Remo meant it. They had spent a great deal of time traveling in the past few months. From Europe to South America to Asia and back to Europe. It had been a grueling, frenetic cycle. He wanted nothing more than to sit back and relax for a couple of weeks.
Chiun did not respond to Remo's comment. The half-hour-long exercise advertisement had come to an end. The Channel 8 Productions logo was followed by a burp of dead air before the too loud intro music of yet another infomercial began.
By this point, both their bowls were empty. Remo got to his feet, collecting their dirty dinner dishes. He was straightening up and turning to go when a familiar voice caught his attention.
"...what we can do," said the insipid voice on the TV.
"It would help if we could somehow know the future," came the reply.
"Keep dreaming," said the dull voice.
Bowls in hand, Remo turned back to the screen.
The face was as he remembered it. Dull, gray. Giant black bushy eyebrows, more appropriate to a Muppet than to a politician, hung over beady, porcine eyes.
Remo scrunched up his face. "Isn't that Mike Princippi?" he asked uncertainly.
"Hush," Chiun instructed.
"I've always had trouble with the future," the TV Mike Princippi was saying.

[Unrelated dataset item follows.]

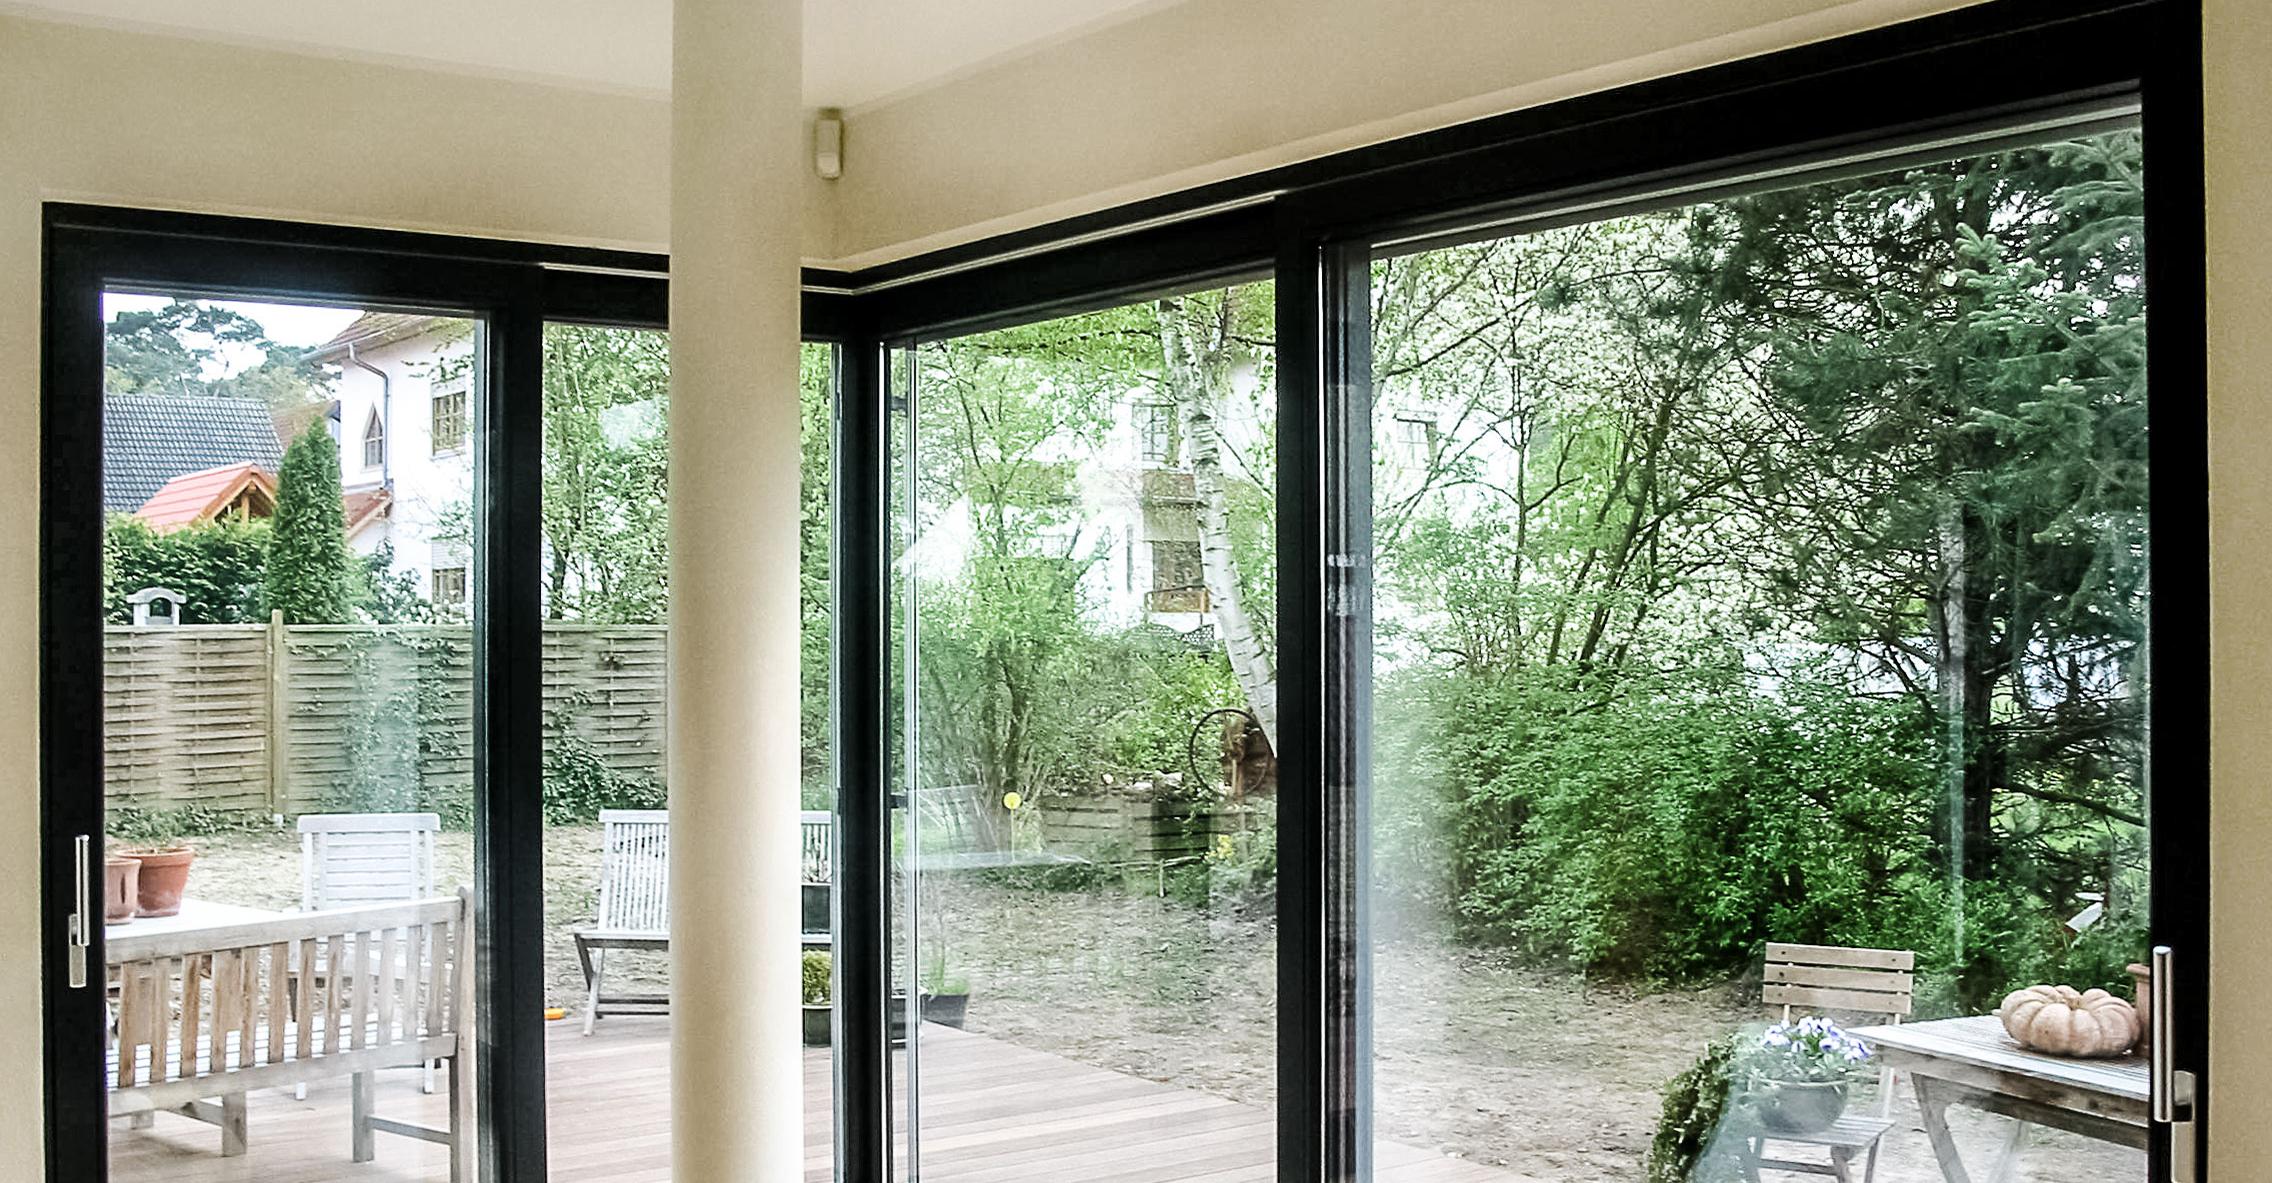 Full Size of Baum Fensterbau Gmbh Fenster Aus Dem Odenwald Fenster Fenster.de
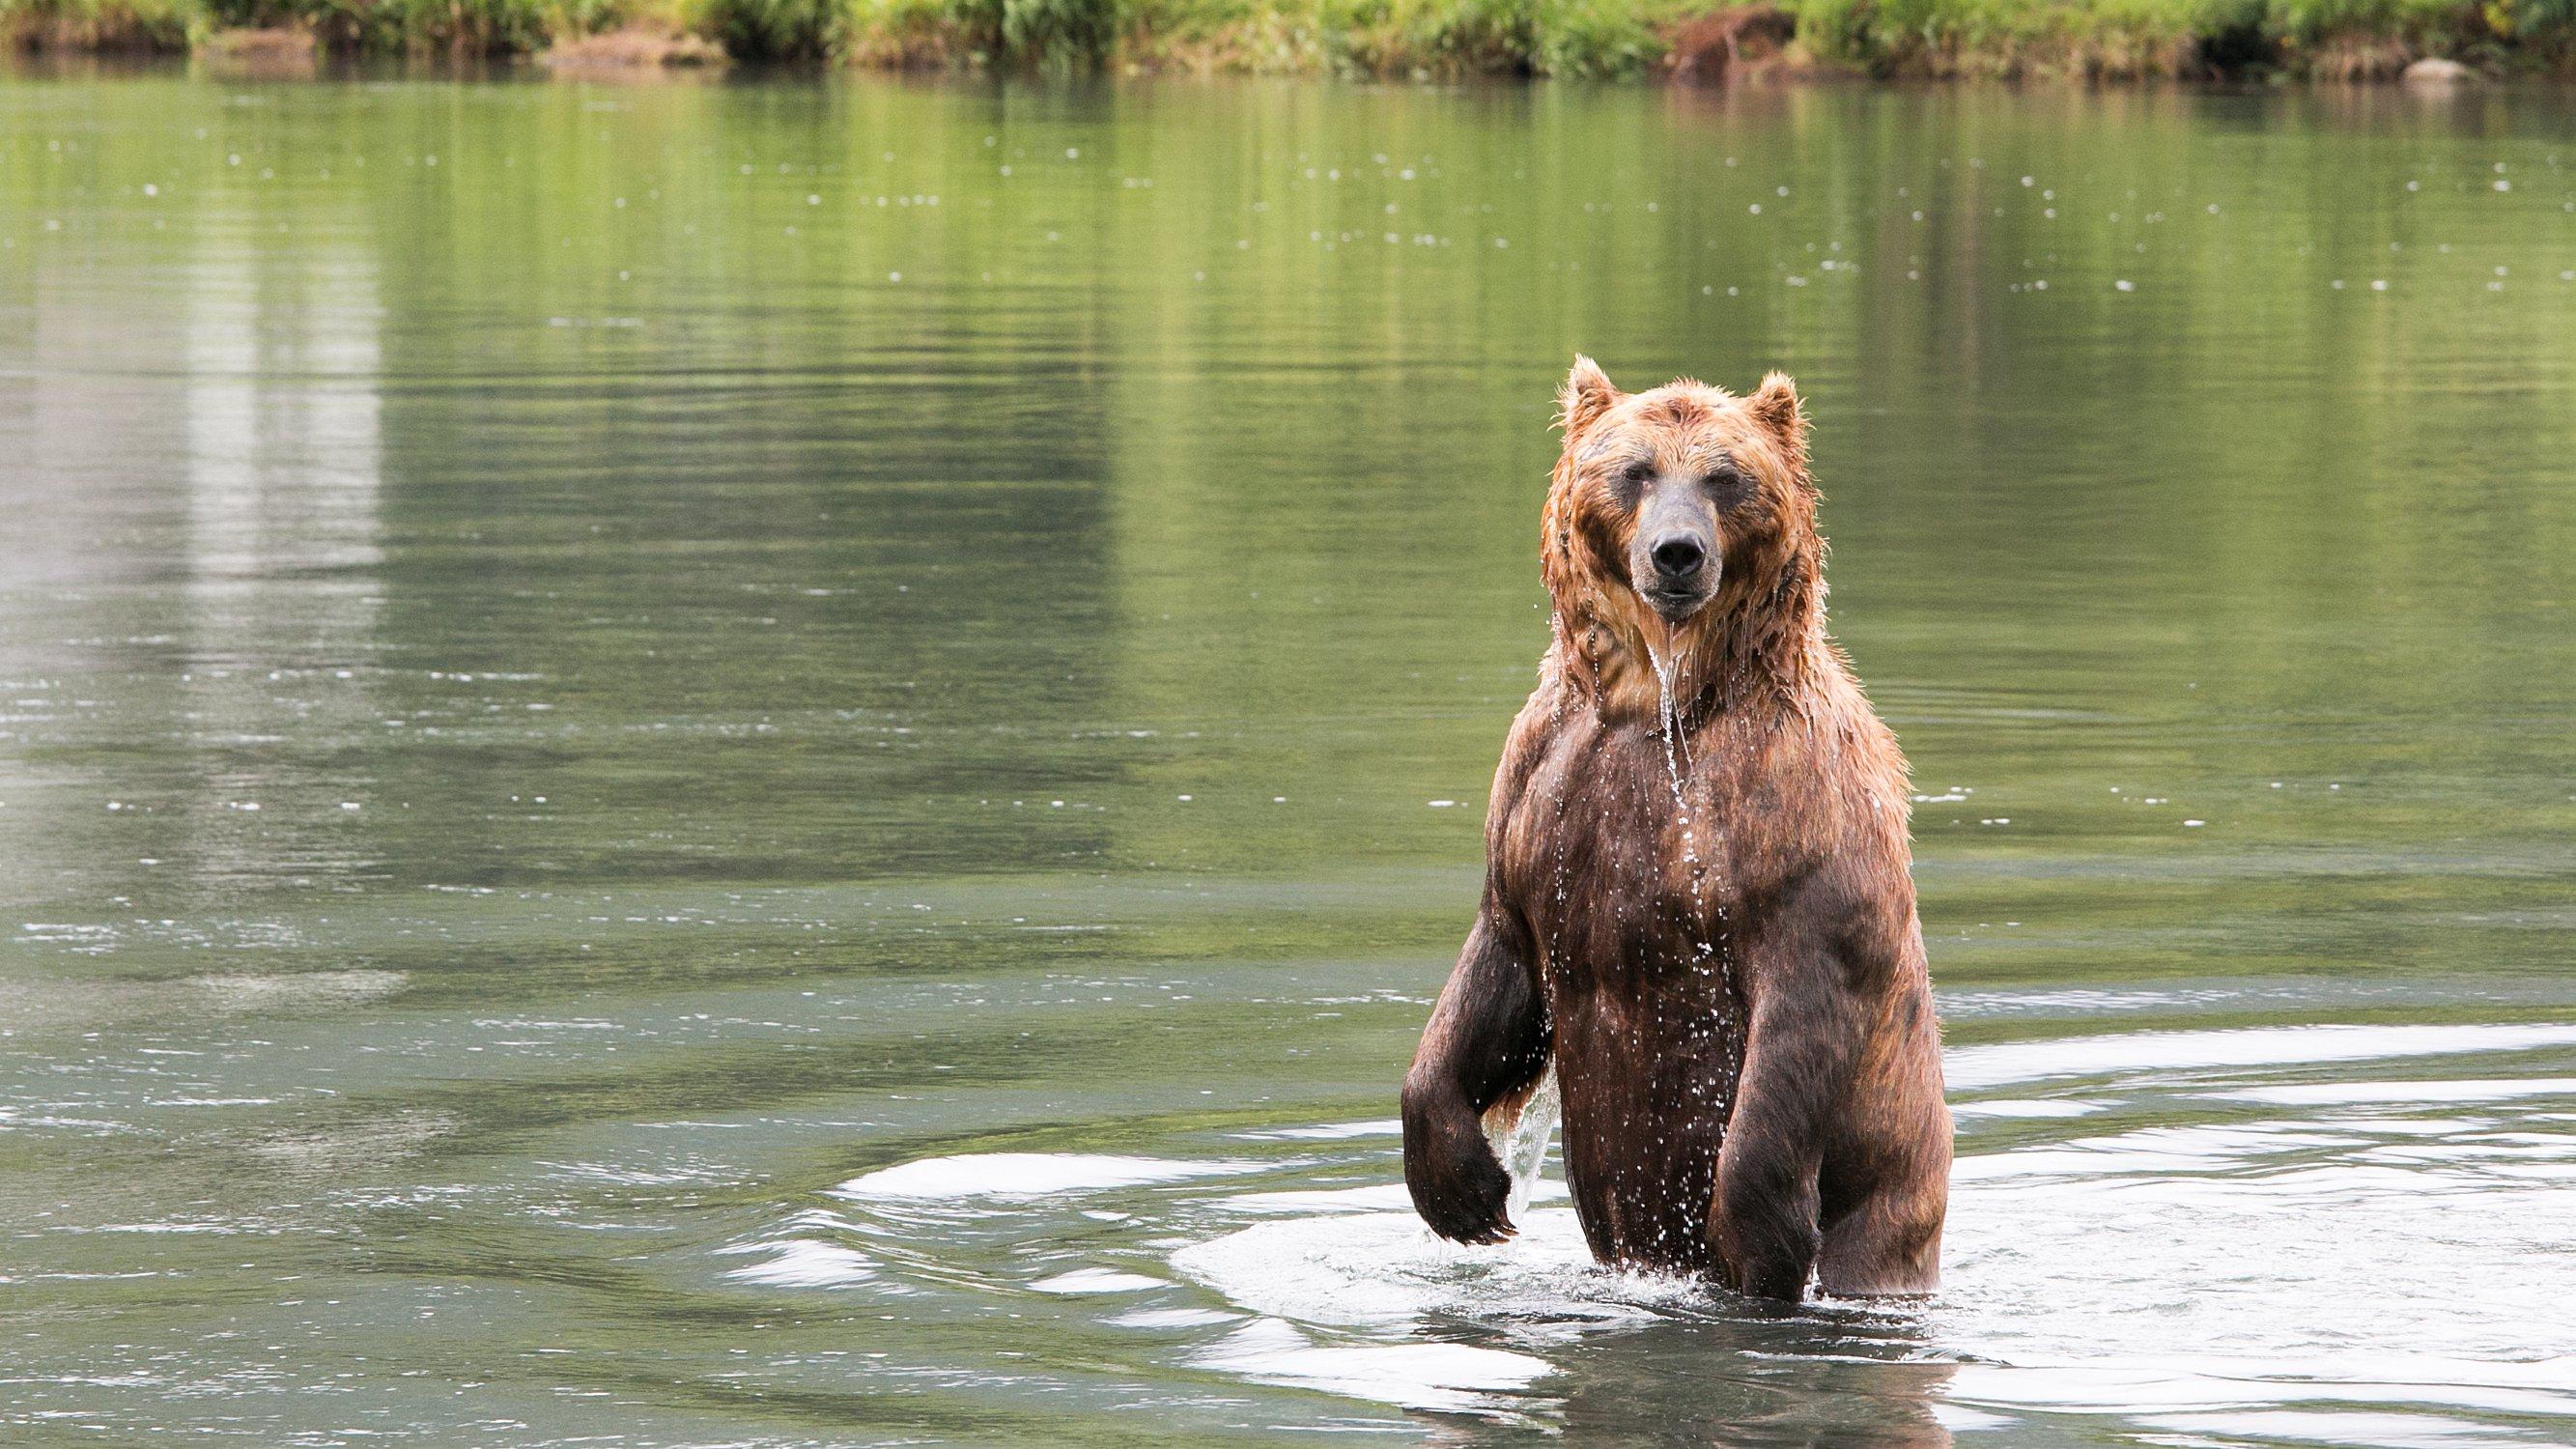 Медведь, камчатка, бурый медведь, курильское озеро, вода, зелёный, Картавцов Артем

"Knowing the future would not only help in politics, but in all walks of life," his television companion opined.
"No way," Remo said, sinking back to the floor. A light had begun to dawn. "This can't be what I think it is."
"The future is hard to predict," Princippi said. He was obviously reading from cue cards. "If I knew how, I'd be President right now." Even though he laughed along with the other men on the set, his eyes were sick.
"Dammit, I was right!" Remo enthused. "It's a psychic-hotline infomercial. I'll be goddamned if Mike 'the Prince' Princippi isn't on TV hawking some crackpot fortune-teller's 900 number." He positively bubbled with excitement.